Comment by Miraltar

Comment by Miraltar 2 days ago

7 replies

I guess it would be interesting but differentiating pollution from language evolution seems very tricky since getting a non polluted corpus gets harder and harder

Retr0id 2 days ago

Arguably it is a form of language evolution. I bet humans have started using "delve" more too, on average. I think the best we can do is look at the trends and think about potential causes.

  • rvnx 2 days ago

    “Seamless”, “honed”, “unparalleled”, “delve” are now polluting the landscape because of monkeys repeating what ChatGPT says without even questioning what the words mean.

    Everything is “seamless” nowadays. Like I am seamlessly commenting here.

    Arguably, the meaning of these words evolve due to misuse too.
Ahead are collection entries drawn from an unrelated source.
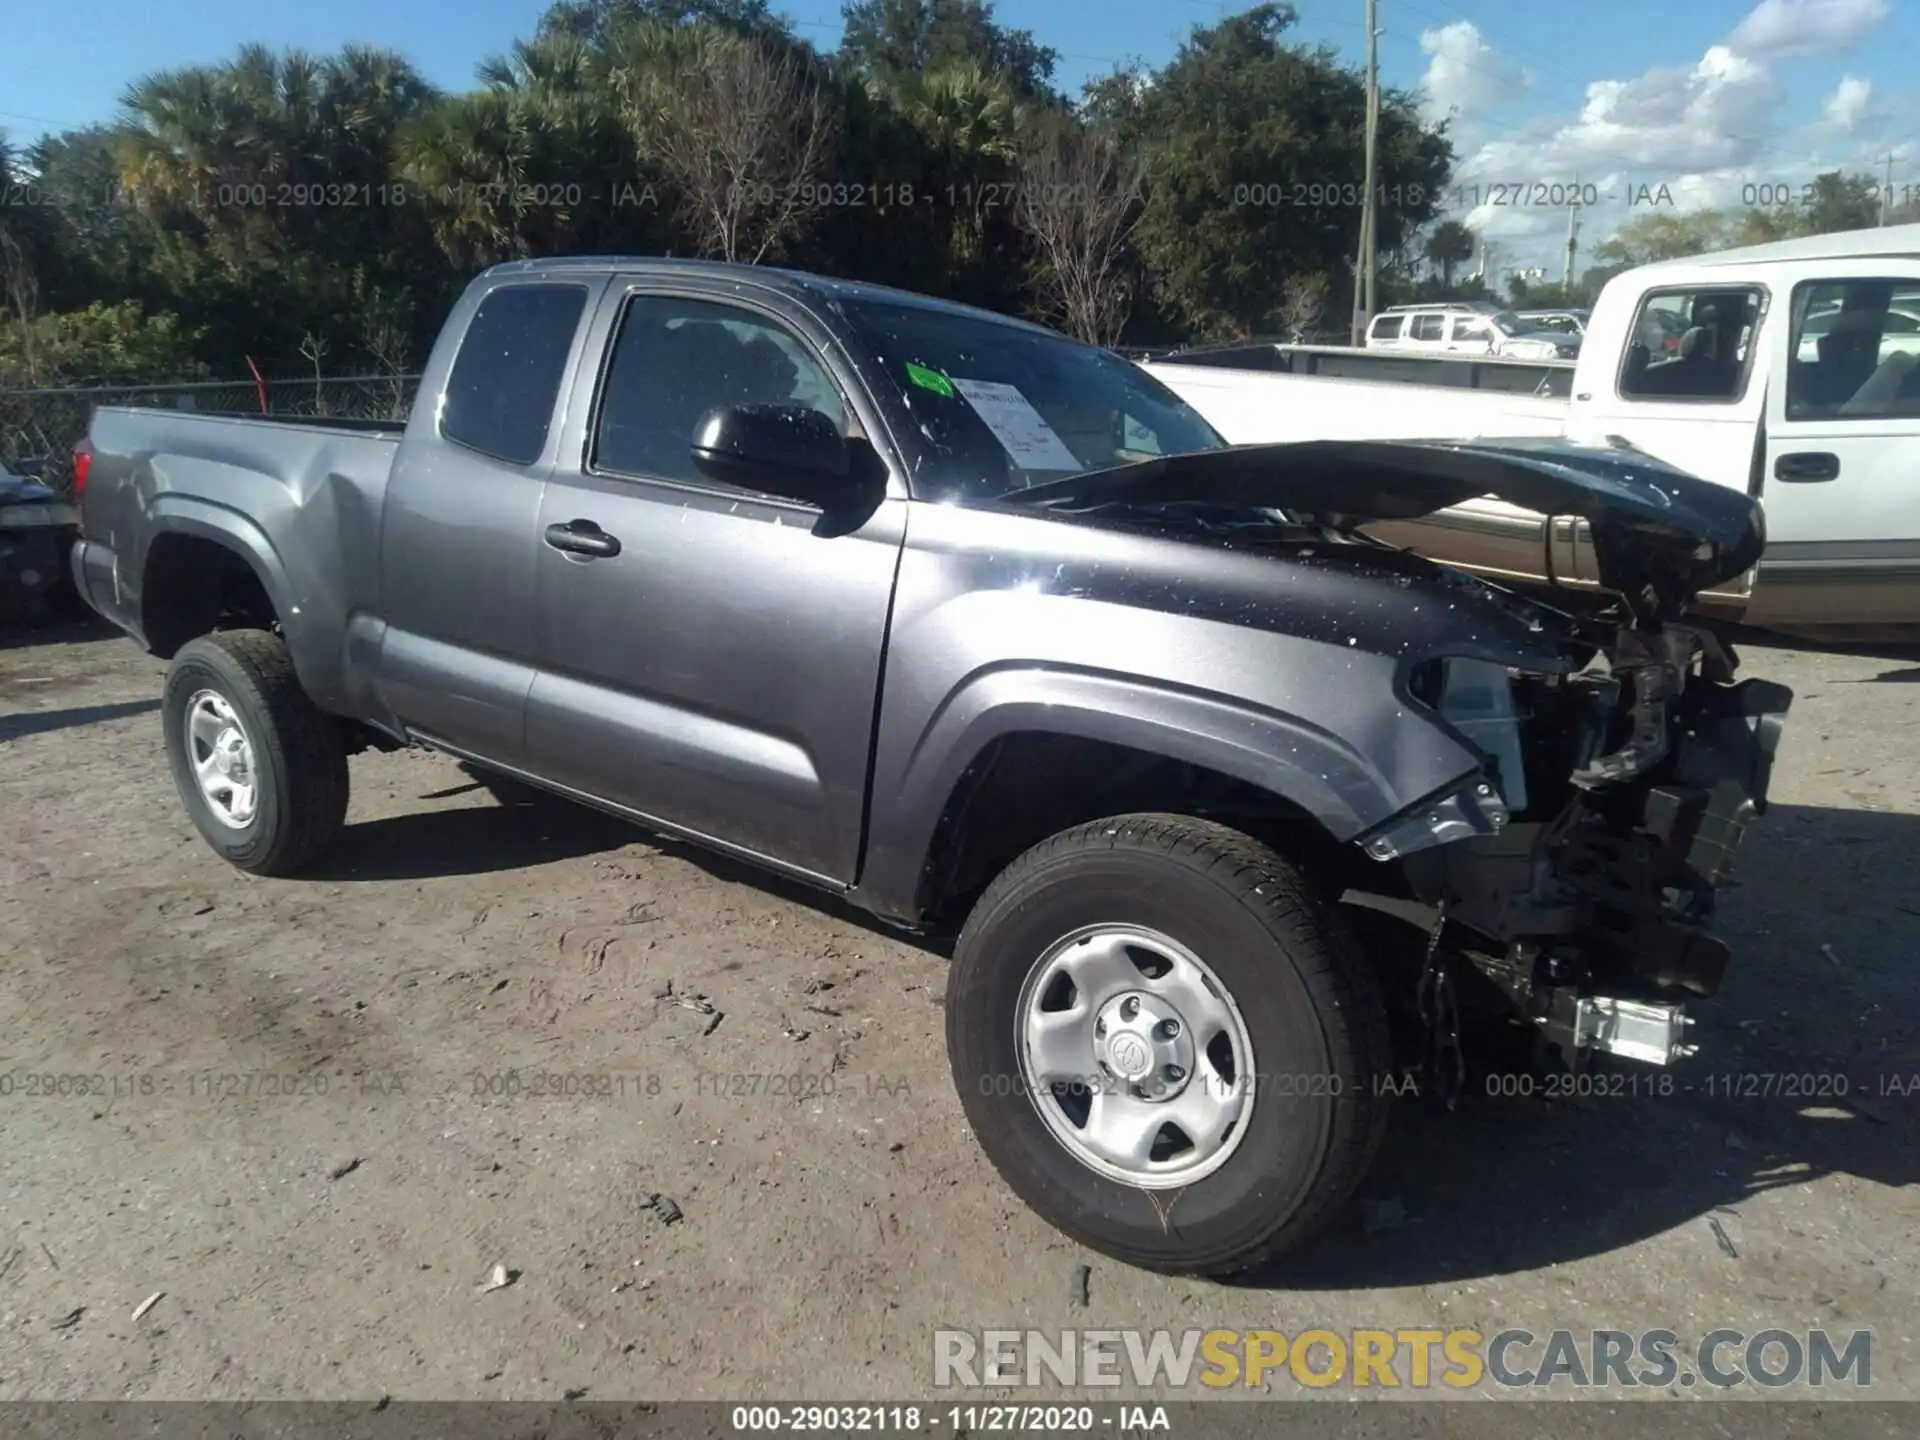 1 Photograph of a damaged car 3TYRX5GN8LT002425 TOYOTA TACOMA 2WD 2020
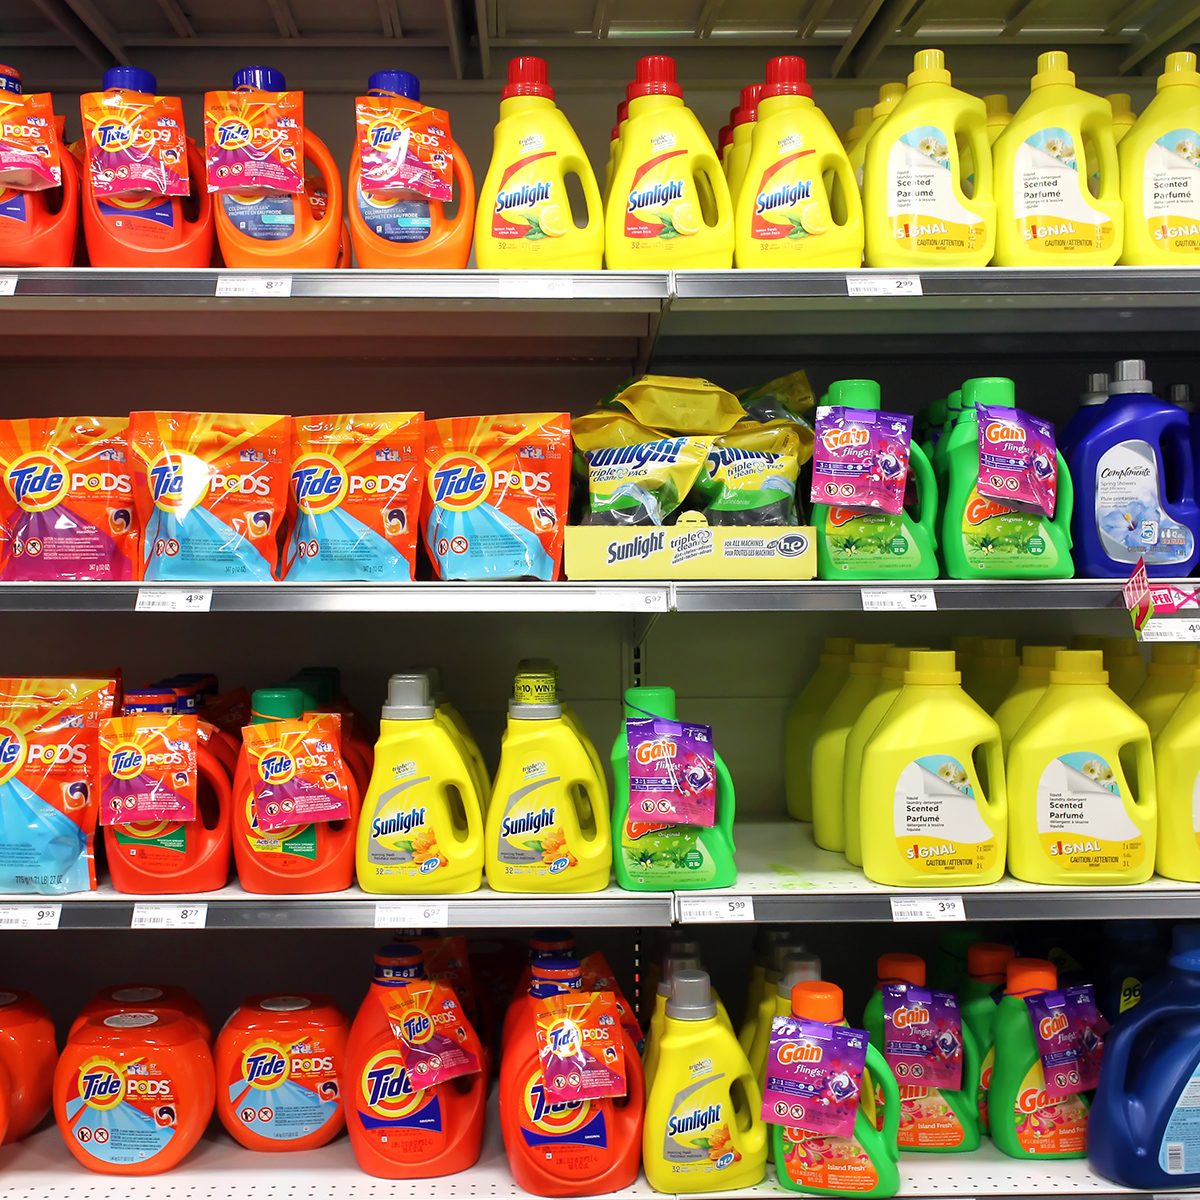 TORONTO, CANADA - MAY 06, 2014: Different types of detergents on shelves in a supermarket. Tide is a laundry detergent manufactured by Procter & Gamble and one of the top three brands of detergents.; Shutterstock ID 230120146
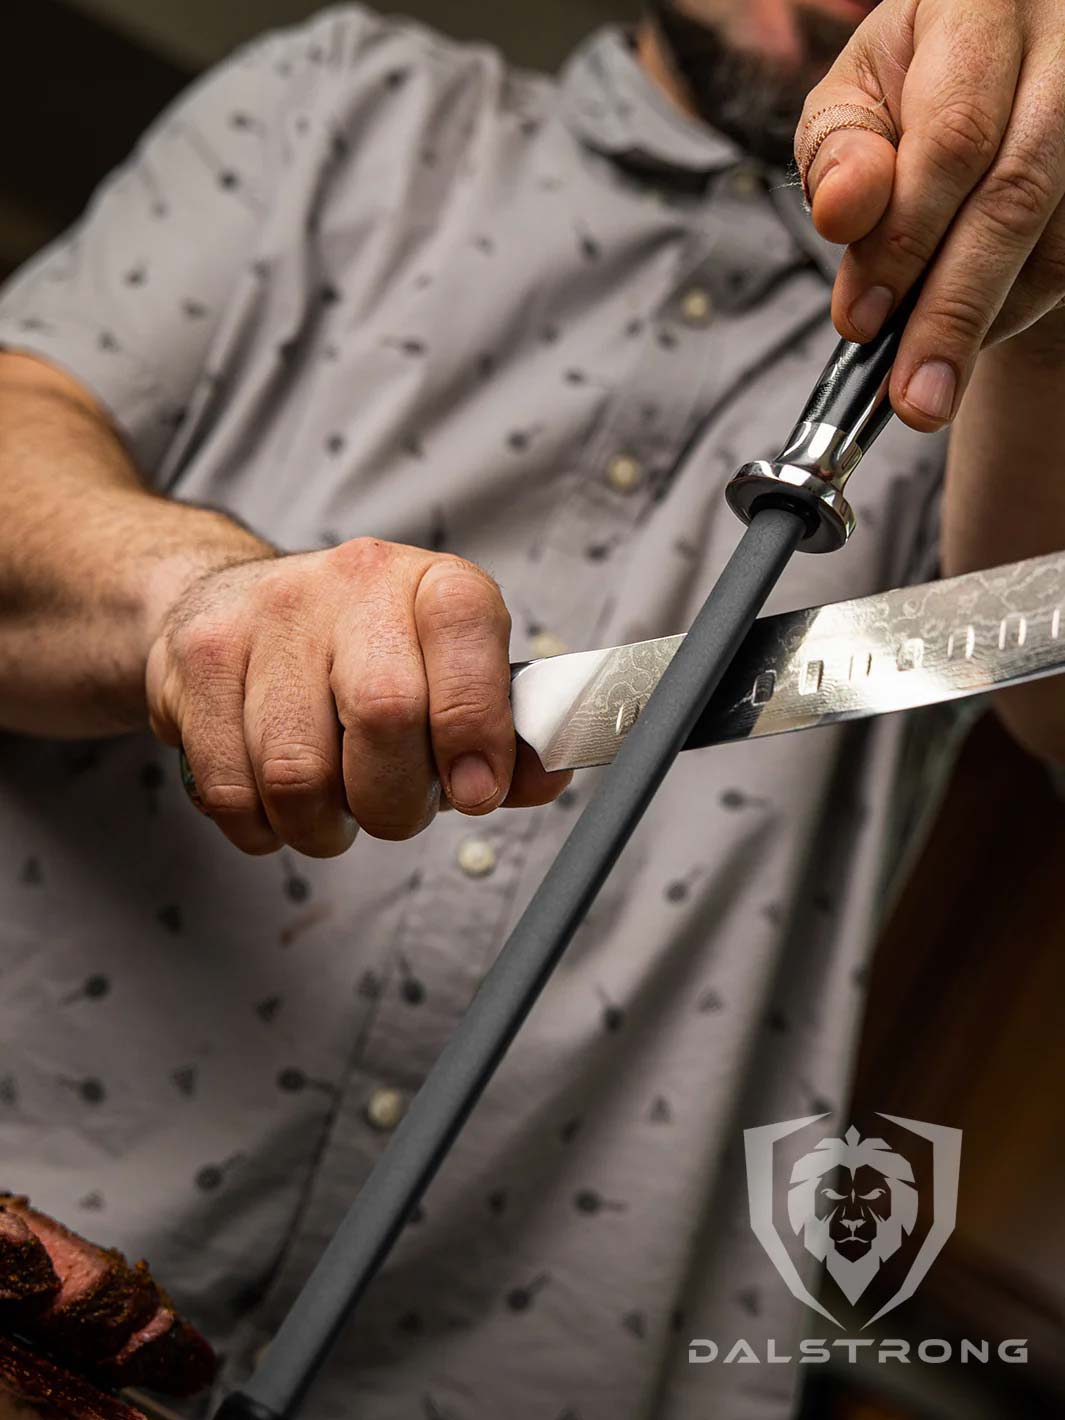 A man sharpening a knife using the Dalstrong 10 inch honing rod with ceramic coating.

    • oneeyedpigeon 2 days ago

      I see a lot of writing in my day-to-day, and the words that stick out most are things like "plethora" and "utilized". They're not terribly obscure, but they're just 'odd' and, maybe, formal enough to really stick out when overused.

    • lobsterthief 2 days ago

      Btw can’t people just open their prompts by instructing LLMs not to use those words?

  • pavel_lishin 2 days ago

    > I bet humans have started using "delve" more too, on average.

    I wish there were a way to check.

    • linhns 9 hours ago

      I'm seeing more and more of uses of it on this thread.

wpietri 2 days ago

One way to tackle it would be to use LLMs to generate synthetic corpuses, so you have some good fingerprints for pollution. But even there I'm not sure how doable that is given the speed at which LLMs are being updated. Even if I know a particular page was created in, say, January 2023, I may no longer be able to try to generate something similar now to see how suspect it is, because the precise setups of the moment may no longer be available.